Иногда Марта задумывалась, не лучше ли вкладывать деньги в искусство, нежели тратить их на рестораны? Неплохая мысль. А вместо того, чтобы идти во французский ресторан, можно слетать во Францию и поесть там. И все-таки, хотя Марта и понимала, что цены стали просто безумными, ей не терпелось посетить «Зеленый омар». Только самые богатые и знаменитые получали возможность туда попасть. Известно, что метрдотелю случалось отказывать даже лауреатам Пулицеровской премии.

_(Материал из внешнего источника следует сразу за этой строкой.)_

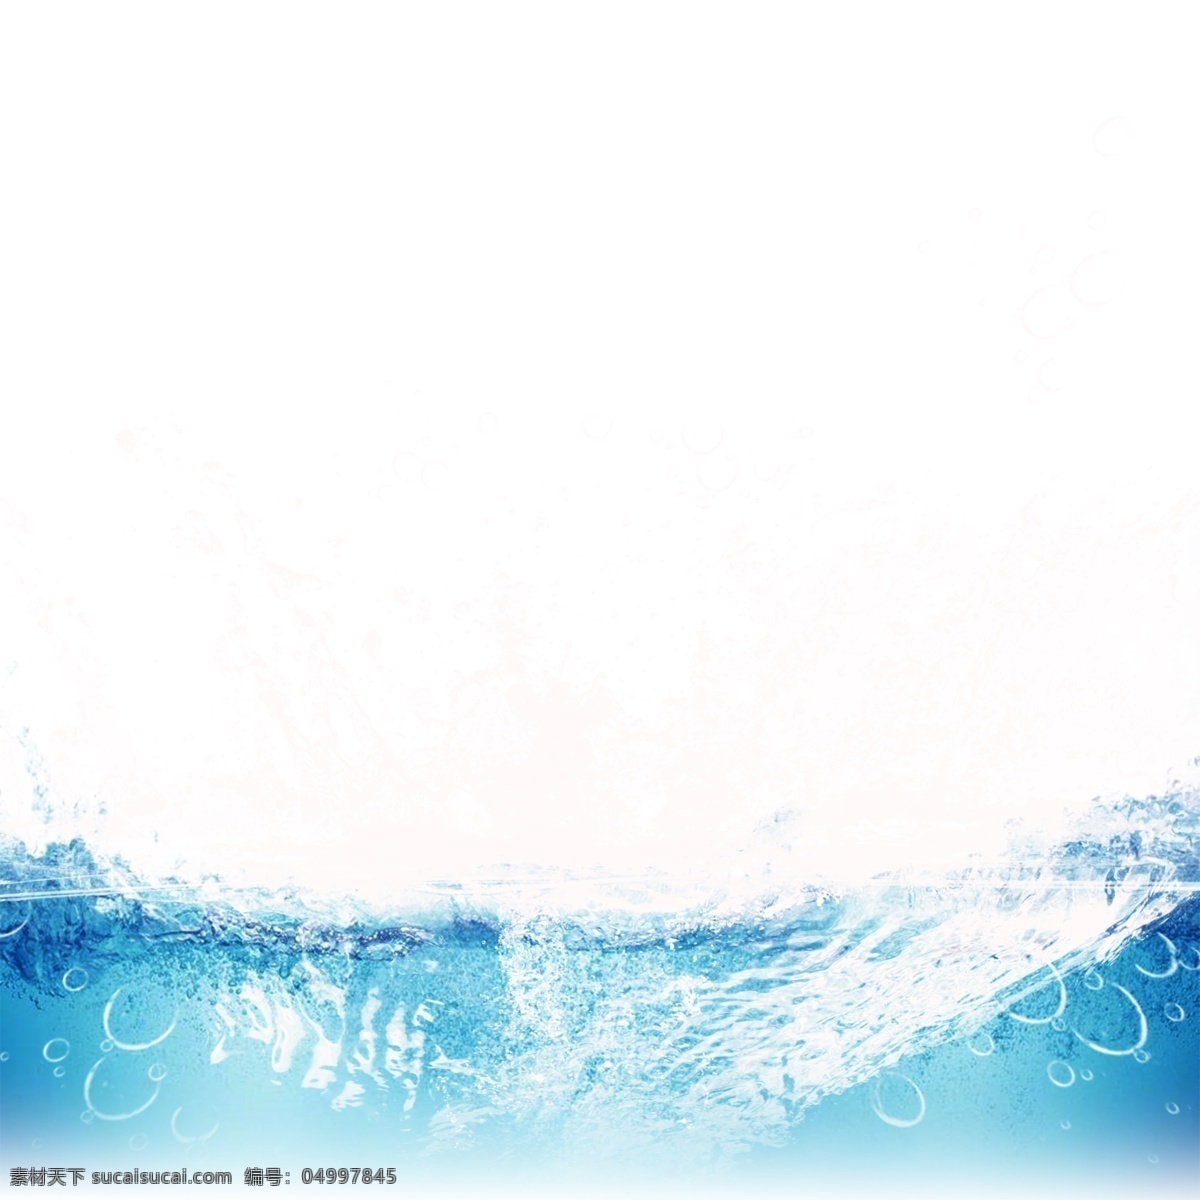 动感 波浪 水花 元素 蓝色水面 喷溅 水波纹 水滴 动感水 动感水浪 动感水纹 水效果 水波 水 飞溅

Во всем Нью-Йорке только и разговоров было что об этом ресторане: каждому хотелось заполучить там столик. Такой ажиотаж объяснялся тем фактом, что все в «Зеленом омаре» — от интерьера до еды — было зеленым. Помимо приверженности ко всему зеленому здесь исповедовался принцип «никакой жестокости», то есть, заказывая мясо или рыбу, посетитель мог быть уверен — животные, из которых блюда приготовлены, умерли легкой, безболезненной смертью. Специалисты сумели разработать особые технологии, позволяющие, к примеру, так умертвить омара, чтобы он ничего не почувствовал.

Марта попросила Мэтта включить кондиционер. Конечно, на улице был мороз, но спертый воздух в салоне нагрелся до такой степени, что Марту бросило в пот (она так и не сняла накидку из шахтуша). Ну вот, для полного счастья ей не хватало только пятен под мышками!

Когда струи холодного воздуха хлынули в салон, Марта испытала облегчение. Она вдохнула, выдохнула, расслабилась — и головная боль ослабила тиски, но левый глаз по-прежнему давал о себе знать: казалось, он сейчас выкатится из глазницы прямо на щеку. Сердцебиение участилось — должно быть, из-за небольшого количества сахара, содержавшегося в виски и жвачке. Марта запаниковала: что у нее с мозгами? Почему она перестала контролировать ситуацию? А что если это не обычный приступ паники, а нечто более серьезное?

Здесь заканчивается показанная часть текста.